Halloween Triops






October 29, 2012 — I’m cheating a little on this post since it’s not Halloween-related, but I can’t help the timing. My triops are big enough to photograph now.

And while that statement sounds like something that should be posted on a WebMD forum, I’m actually talking about tiny crustaceans that I hatched in my bathroom.

And since that stills sound like something I shouldn’t be boasting about, I’ll start over.


Triops are tiny shrimp that look like miniature horseshoe crabs and range in size from an inch to three, with some species growing even larger. They get their name from the three black dots on the front end of their carapace, only two of which are actual eyes. They also closely resemble fossil species from 200 million years ago, so the word “prehistoric” is often included everywhere in their marketing.

Yes, these animals are marketed. Usually in toy stores and science shops. That’s because in egg form, these creatures can be dried out and suspended close to indefinitely, and only take a little water to hatch.

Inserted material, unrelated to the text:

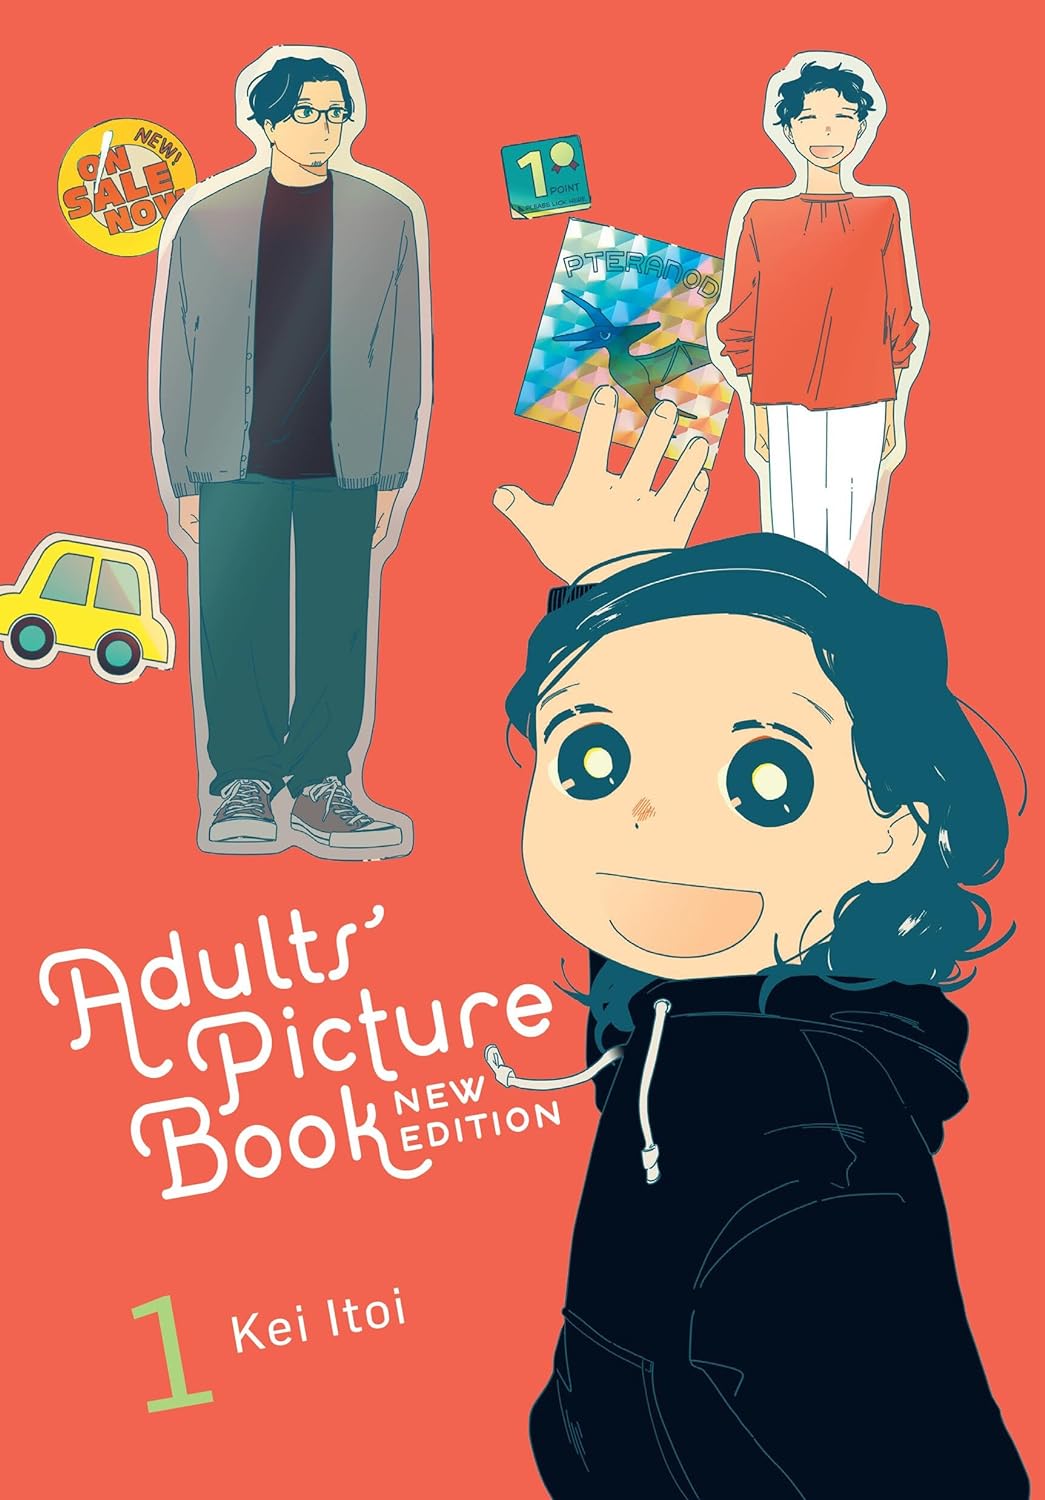 Adults' Picture Book: New Edition Vol. 01

There are a bunch of different shrimp species like this: fairy shrimp, brine shrimp, tadpole shrimp, dinosaur shrimp. Actually, I’m not sure which are actual species names, which are product spin, and which are just different names for the same thing. Back in the day, many of them were sold as sea monkeys, although these days companies have gotten a little more sophisticated in their marketing.


In fact, we got ours under the auspicious Smithsonian brand in a three-pack of kits. In the other two, you can create a volcano with glowing lava and excavate a plastic T-Rex skeleton out of a pressed gray block of some sediment-like substance.

The triops kit came with a small, thin plastic tank, a picture of a Tyranosaurus Rex as a tank backing to emphasize how prehistoric this little swimmers are (and becaue it’s a cool effect to have tiny shrimp swimming around the head of a T-Rex), and the invisible-to-the-eyes eggs in a packet of moss.

It took about 60 seconds to set everything up, which mostly just meant dumping everything in the tank with some room-temperature, filtered water. We took pictures of the set-up, but lost them somewhere on a hard drive or memory card. I’ll probably find them decades from now when I’m very old and very nostalgic for the days when we obsessed over still-frame digital information. But even though Id on’t have the photographic proof, we followed the directions exactly, except for the dino backing. I had some other ideas:


Now is it a Halloween post?

Next, we tried our hardest to kill the triops.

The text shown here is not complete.